The backgrounds come in various designs and with varying themes, but you won’t be able to access them until the OS is activated with a valid license. The background images are static but move across the screen if you’re using a monitor with a smaller resolution, similar to the way Android and Nokia handle wallpapers across their multiple homescreens. You can edit the colours a bit more and change the main background colour, allowing for some unique combinations and possible even ones that can be created and distributed through the Microsoft store for free or for a reasonable price. I can see a big opportunity already in there for people to have some of their favourite brands and logos as a barkground, or possibly even a picture of some sort, so long as the resolution matches. That’s a space that might be worth watching if you’re considering the move to Windows 8.

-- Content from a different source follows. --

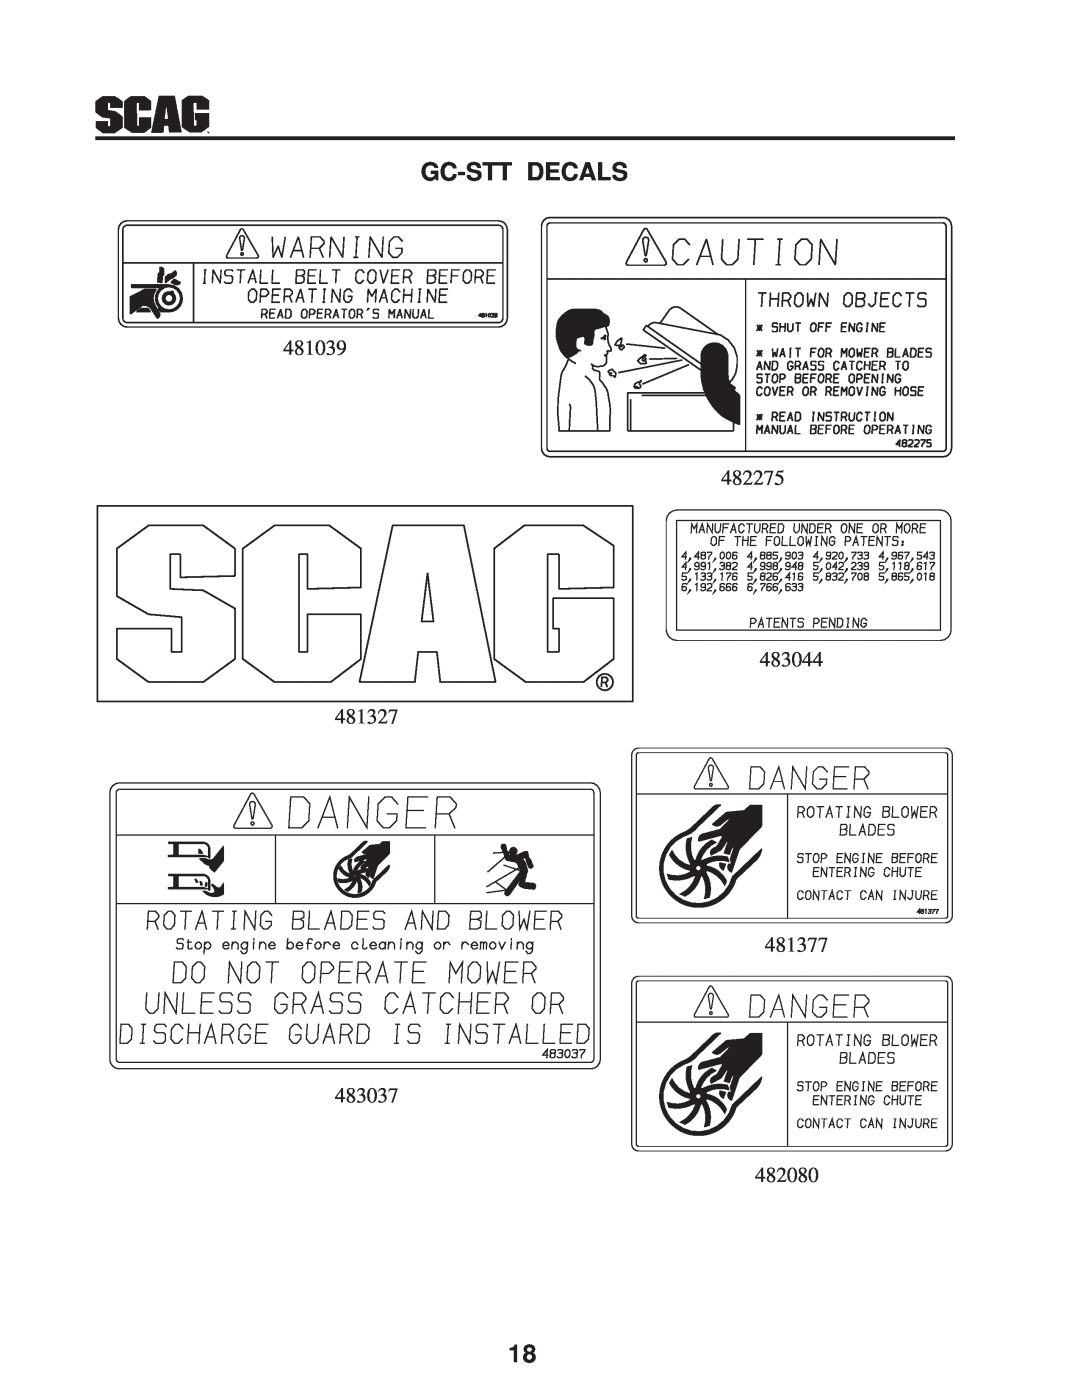 Scag Power Equipment GC-STT-V operating instructions Gc-Stt Decals, 481039 482275 483044 481327

In other news, Intel has gone ahead and launched their SDK for Windows 8 for two APIs that it thinks developers will aim for. The Intel Media 212 R3 SDK supports DirectX 11 and allows for optimised access to GPU-accelerated encoding, decoding and transcoding for applications that need to use the integrated GPU in Intel’s third-generation Core processor family. Its likely that this might also give developers widespread access to Quicksync, something that’s been severely lacking in support since the hardware release a year ago in Sandy Bridge Core i5 and i7 processors.

The other SDK is Intel’s SDK for OpenCL Applications 2013 Beta. Now hold on just a damn minute, didn’t AMD promise support for the same thing? It looks like Intel realised how powerful OpenCL would become on the right hardware and platform and subsequently created their own SDK for their processor lineup. The Beta, now in its second version, now supports OpenCL 1.2 API previews on CPU and other features such as a new kernel builder and GNU project debugger, which ease the creation of parallel and visual computing apps. It supports the SDK being run and debugged on all Intel HD graphics, which means that OpenCL support could possibly arrive for all processors with built-in graphics in the Intel camp.

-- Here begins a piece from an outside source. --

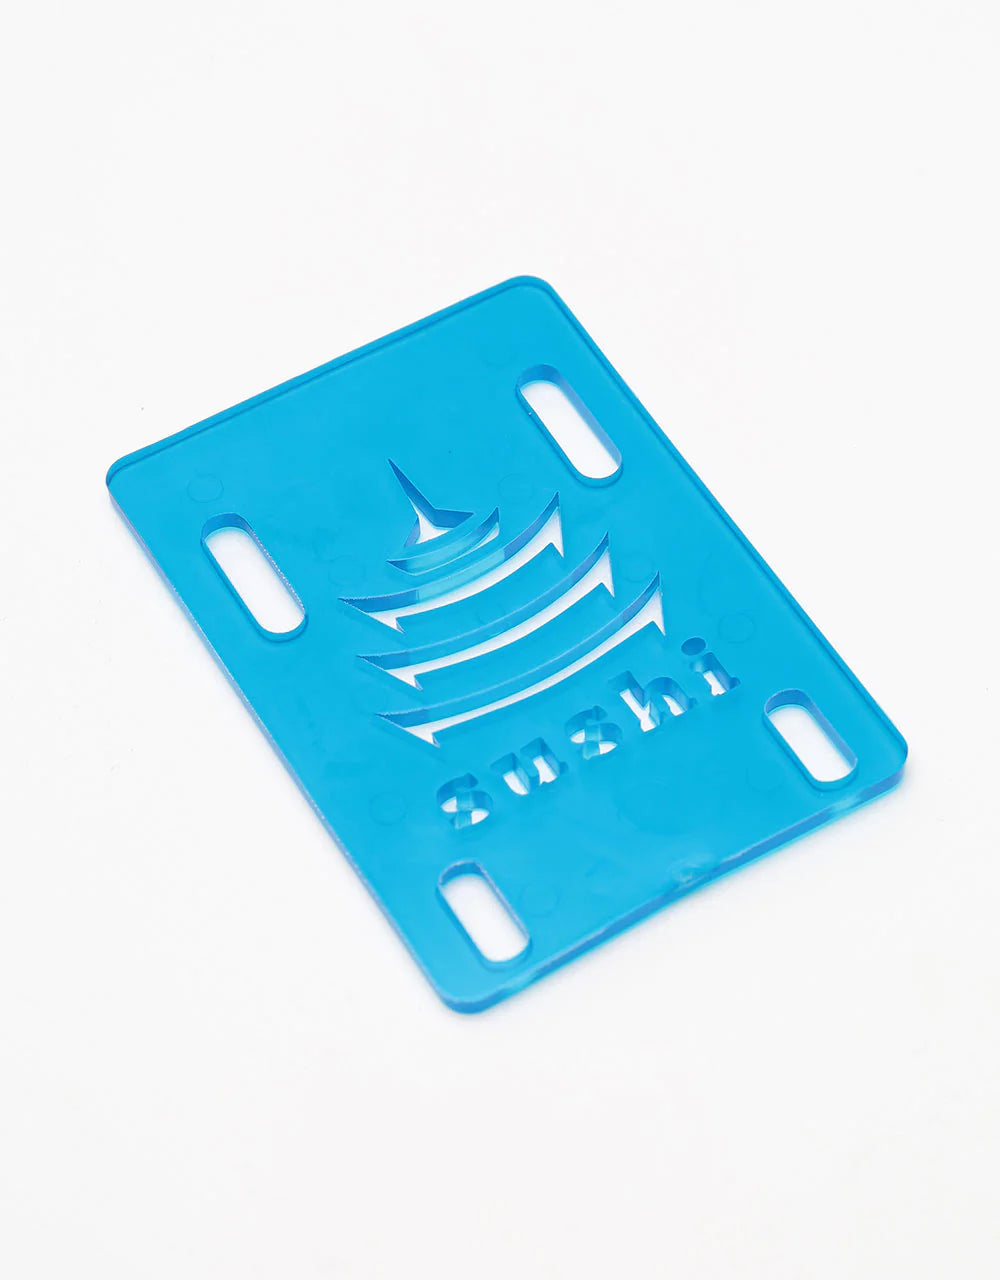 Sushi - Riser pads 1/8" Trasparente Blue

That strikes up an interesting question – how does AMD want to support OpenCL in future? Will it allow the software to solely work on their APU and Brazos lineup, or will they extend the open-ended API to support their CPUs paired with an AMD graphics card? Remember, Nvidia resolutely sticks the finger to anyone who wants to use GPU acceleration on their cards without supporting CUDA, so AMD’s only options are their own processors with their own graphics cards – that makes it a tough sell when Intel’s Quicksync has already been shown to be massively faster and better than most options out there today.

In the end, it bodes well for the kind of hardware support we can expect from the new kernel and software present in Windows 8. I’ve already said that, purely in desktop mode and from a performance point of view, that Windows 8 is worth the upgrade. It looks like it might usher in a new era of apps that take advantage of the best and latest hardware features available.